=== Provided records ===

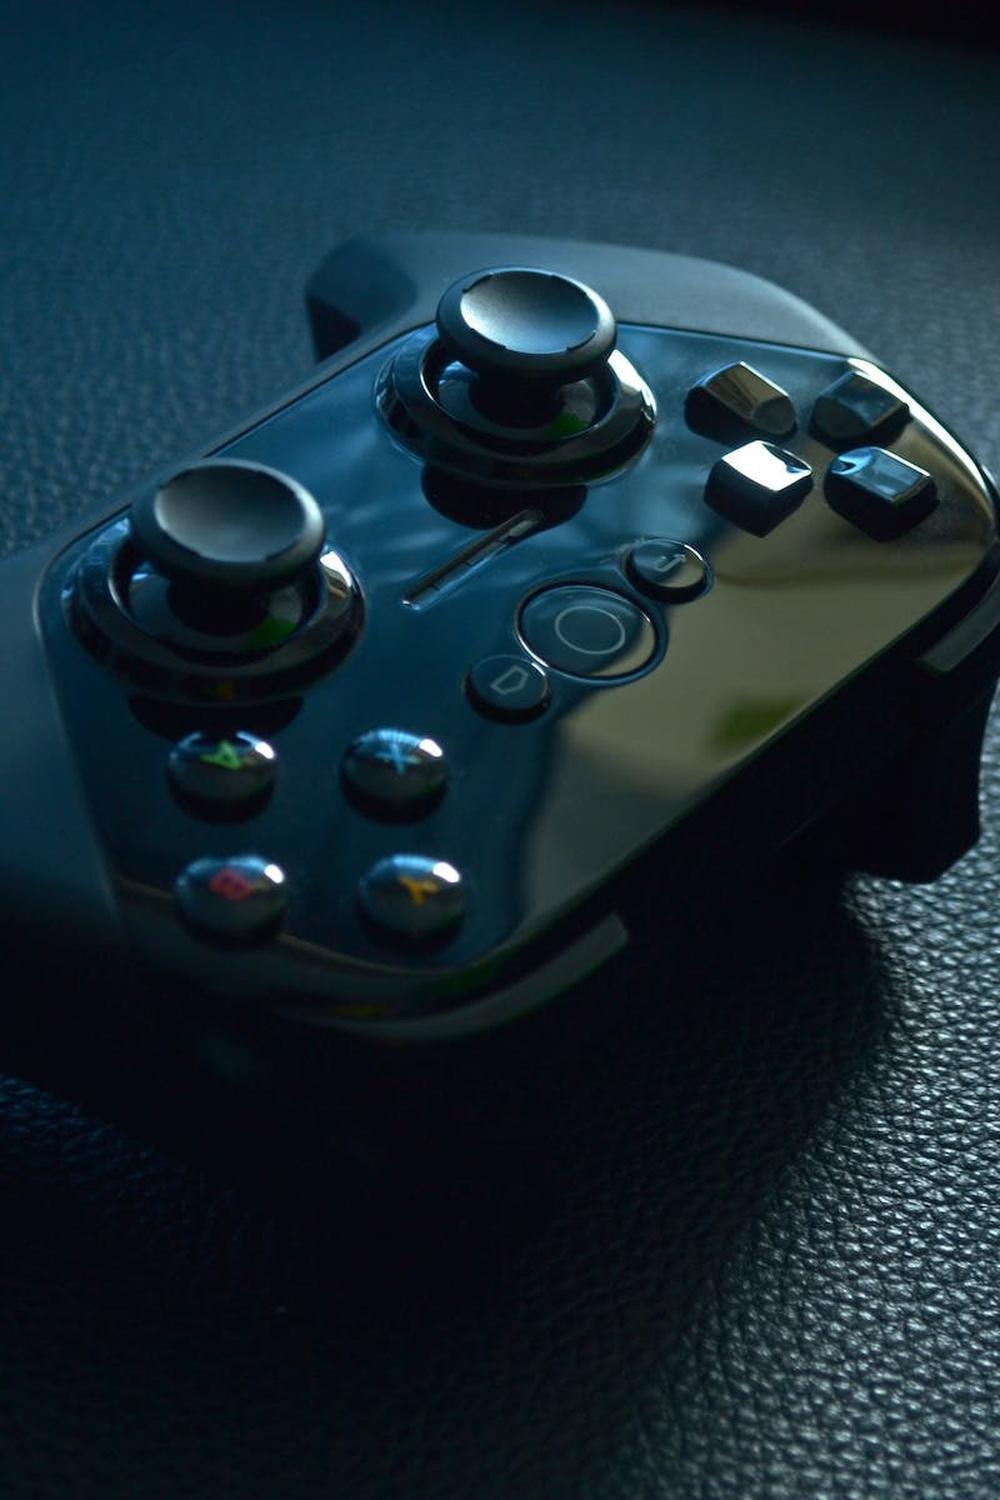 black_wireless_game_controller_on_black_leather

===
=== Provided records ===

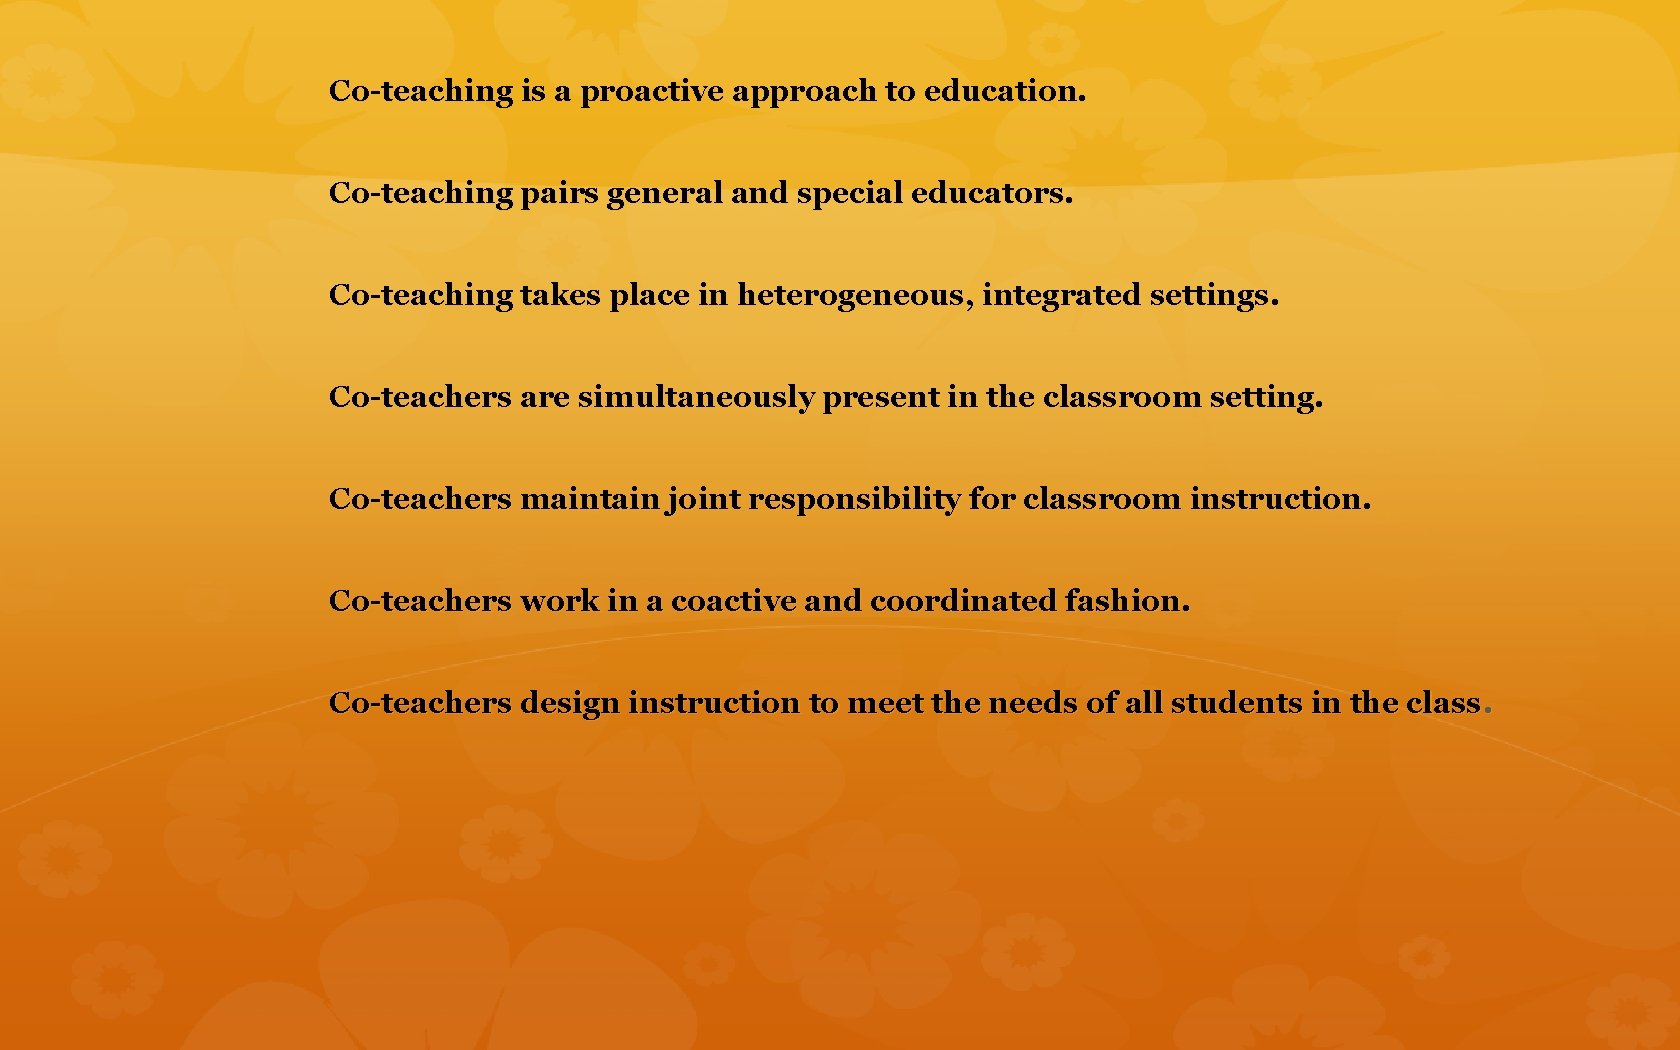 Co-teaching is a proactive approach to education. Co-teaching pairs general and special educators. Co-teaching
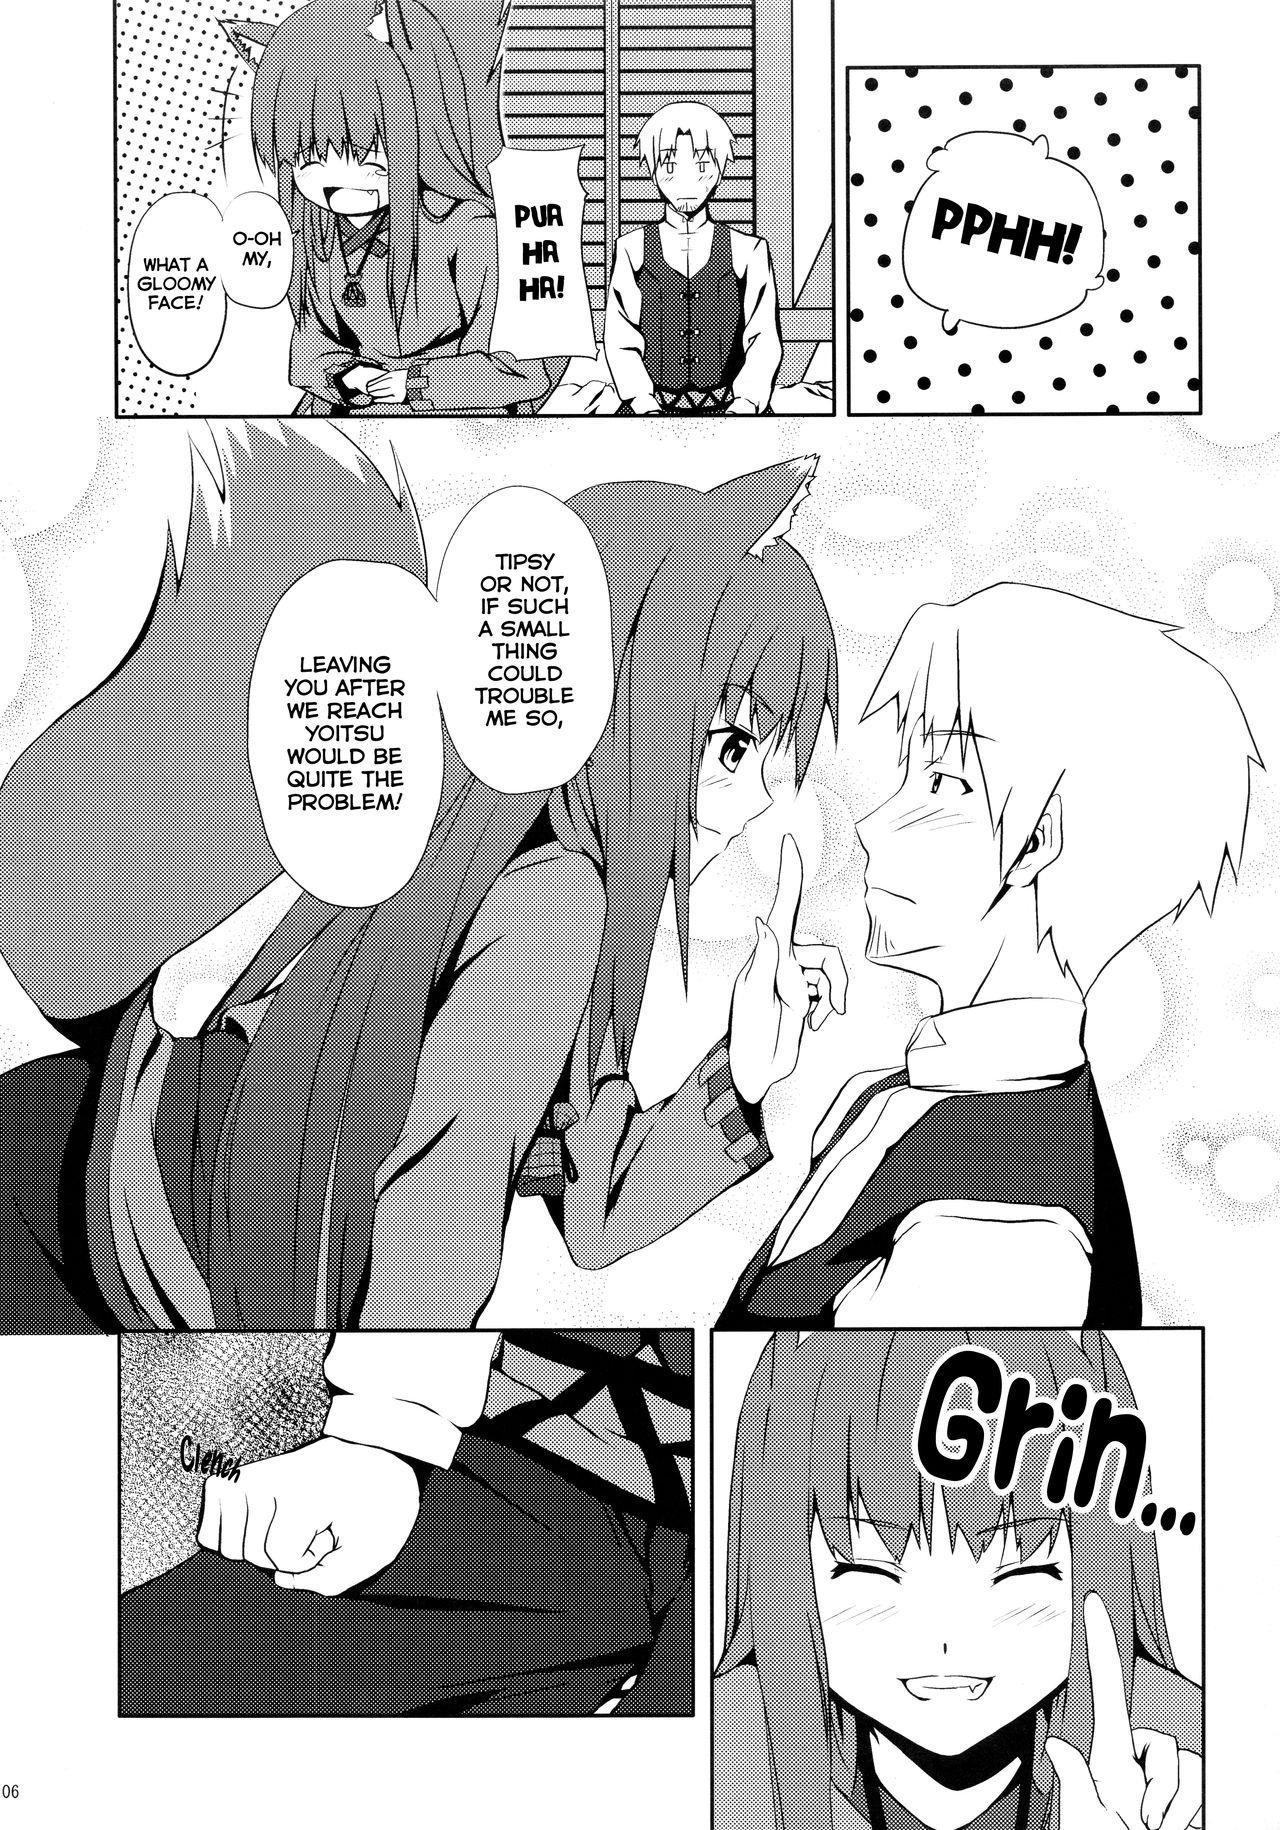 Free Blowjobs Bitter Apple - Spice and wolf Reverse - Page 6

===

§ Task goal:
Only the lines of the listing above from the one with "Co-teaching is a" through the one with "Free Blowjobs Bitter" should be output, exactly, with both ends kept and pictures left out.

§ Result for this task:
 Co-teaching is a proactive approach to education. Co-teaching pairs general and special educators. Co-teaching
 Free Blowjobs Bitter Apple - Spice and wolf Reverse - Page 6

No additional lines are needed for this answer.